Pour les Afghans, la liberté et la démocratie restent à conquérir.

Documents de référence sur la situation en Afghanistan :
Plusieurs centaines de documents relatifs à l’opération Enduring Freedom ont été archivés sur notre serveur 911 Investigations. La plupart sont en anglais et au format PDF.
Pour l’année 2002, on trouvera des documents en français dans la rubrique Fil diplomatique de Réseau Voltaire. Notamment :
- Compte rendu de la réunion du Conseil de sécurité du 15 janvier 2004
- Rapport périodique du secrétaire général de l’ONU au Conseil de sécurité (30 décembre 2003)
- Rapport du secrétaire général de l’ONU à la 58e Assemblée générale (3 décembre 2003)
- Rapport de mission des membres du Conseil de sécurité (11 novembre 2003
- Rapport périodique du secrétaire général de l’ONU au Conseil de sécurité (23 juillet 2003)
- Rapport périodique du secrétaire général de l’ONU au Conseil de sécurité (18 mars 2003)

[1] Le gouvernement virtuel du président Burhanuddin Rabbani siégeait à l’ONU, mais n’exerçait aucun pouvoir en Afghanistan.

[2] Il semble que, en violation de l’accord, les forces du général Dostum n’aient abandonné qu’une faible partie de leurs armes lourdes.

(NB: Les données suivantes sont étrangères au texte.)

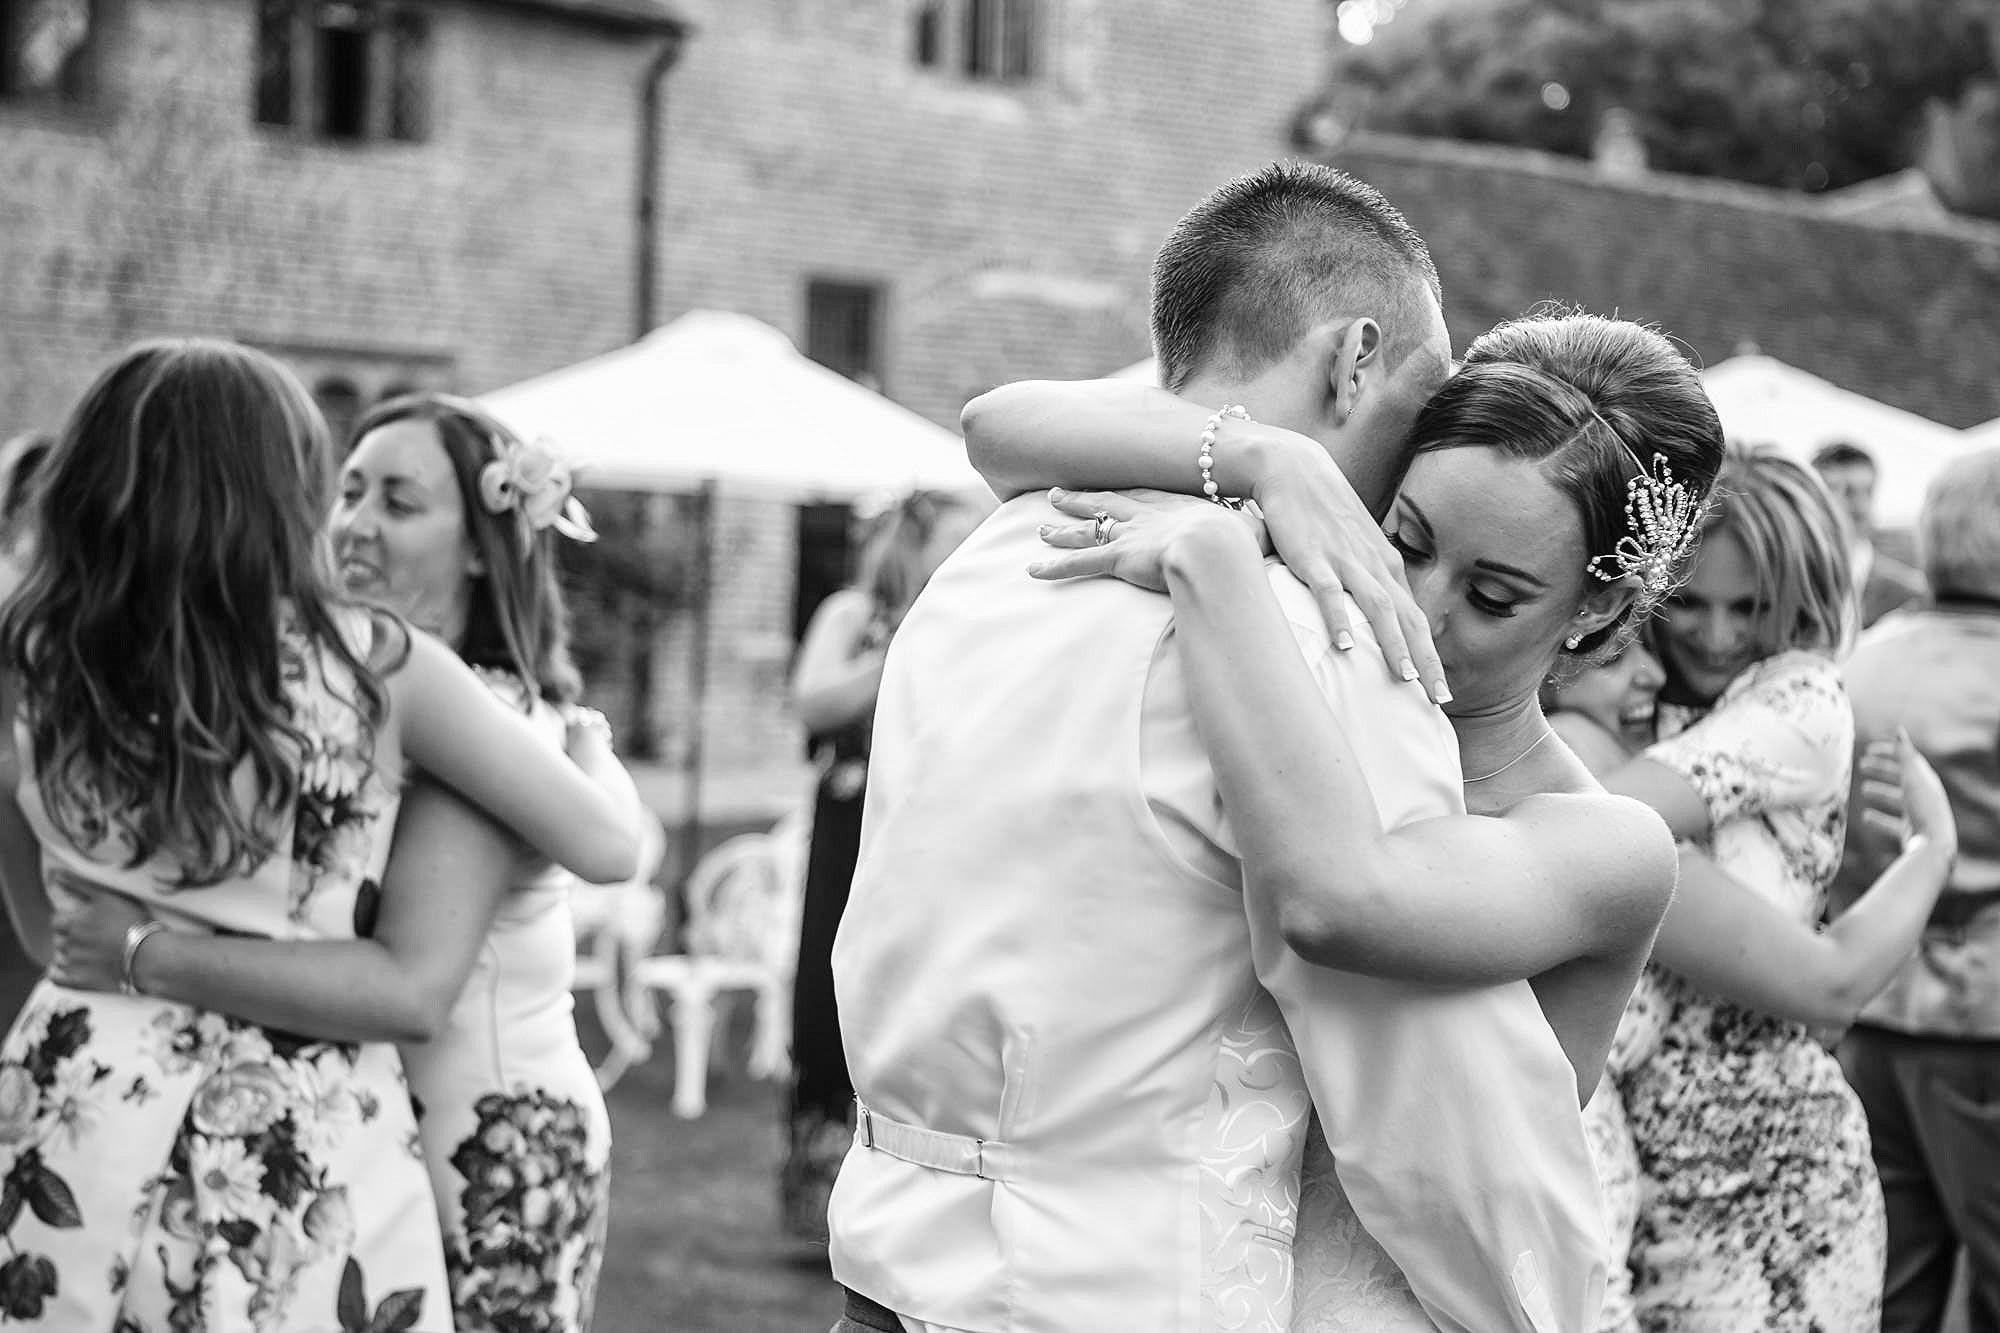 Leez Priory Weddings dances

[3] L’opinion publique occidentale a perdu de vue que la tragédie des femmes afghanes trouve son origine dans la guerre entreprise par les puissances occidentales contre le régime progressiste communiste en s’appuyant sur des groupes jihadistes obscurantistes. Sous le régime marxiste de Mohammed Taraki, la scolarisation des enfants des deux sexes était obligatoire, le lévirat -c’est-à-dire l’obligation pour les veuves d’épouser le frère du défunt- était interdite, ainsi que la vente des êtres humains. Cf. « Une guerre pour les femmes » par Christine Delphy, in Le Monde diplomatique, mars 2002.

[4] Donald Rumsfeld avait déclaré qu’il serait regrettable que les prisonniers détenus par Dostum « soient libérés et puissent se rendre dans un autre pays ». Voir à ce sujet le film de Jamie Doran, Massacre en Afghanistan, le convoi de la mort.